JFB6115 | Posted in Energy Efficiency and Durability on

I built a supper insulated house on a foundation that was not. I currently live in climate zone 5A in central Illinois, the house itself has R30 basement walls, R40 first floor walls and R60 attic. Double stud framing, air barrier is at the house sheathing. The house itself is 4400 sq ft total of enclosed space, 2100 first floor and 2300 basement. At the moment my home is heated and cooled with a single point source ductless mini split on the main level with a Zhender ERV for mechanical ventilation. It performed pretty well this past winter and does well this summer. However it could be better. I know my weak point is my basement. I poured the basement prior to gaining knowledge in thermal bridging and the importance of isolating the slab from the exterior. Basically, I poured the basement and it sat for a period of time at which I then changed my thoughts about building a good home.

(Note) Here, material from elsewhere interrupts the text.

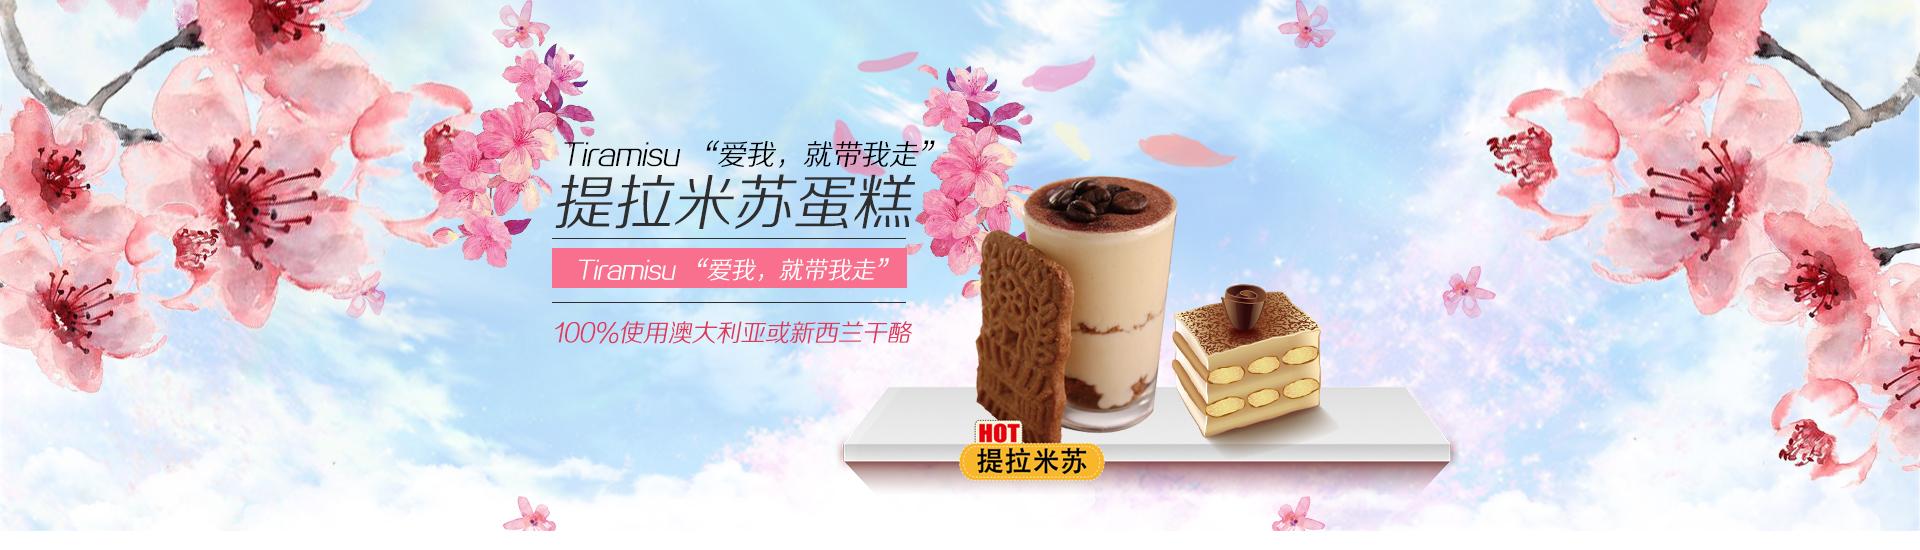 紫悦轩蛋糕

At the moment I am trying to understand and figure out a way to solve this giant energy loss in my home. Here’s a little bit about the basement, it’s a walk out carved into a hillsode. All drainage is gravity, absolutely no water migration through slab to speak off. A plastic tape test has been installed on the floor for months wih no signs of water vapor transmission through the slab. The slab perimeter has 1′” extruded polystyrene underneath 4 ft in from the foundstion edge at walkout portion only. I do have radiant tubing in the slab and was not going to use it, but I ended up starting the install of the boiler this year and now I’m considering the giant loss iof btu when I fire up this heat source. I’m not sure if I even want to at this point.

I’m considering overlaying my entire basement in 4″ of extruded polystyrene then putting an osb subfloor over top. Other options would be polystyrene then pour another slab to utilize my combi boiler for a heat source. Head room is not an issue, I have an extremely tall basement. I’m looking for guidence and a planned approach to retrofitting my basement to match the rest of the house. I know radiant heat is not worth it in most super insulated homes, however I do like this as an option because if the low cost as a fuel source. I’m also considering that instead of pumping any money into the basement retrofit to instead spend those dollars on a PV system instead and installing another minisplit in the basement.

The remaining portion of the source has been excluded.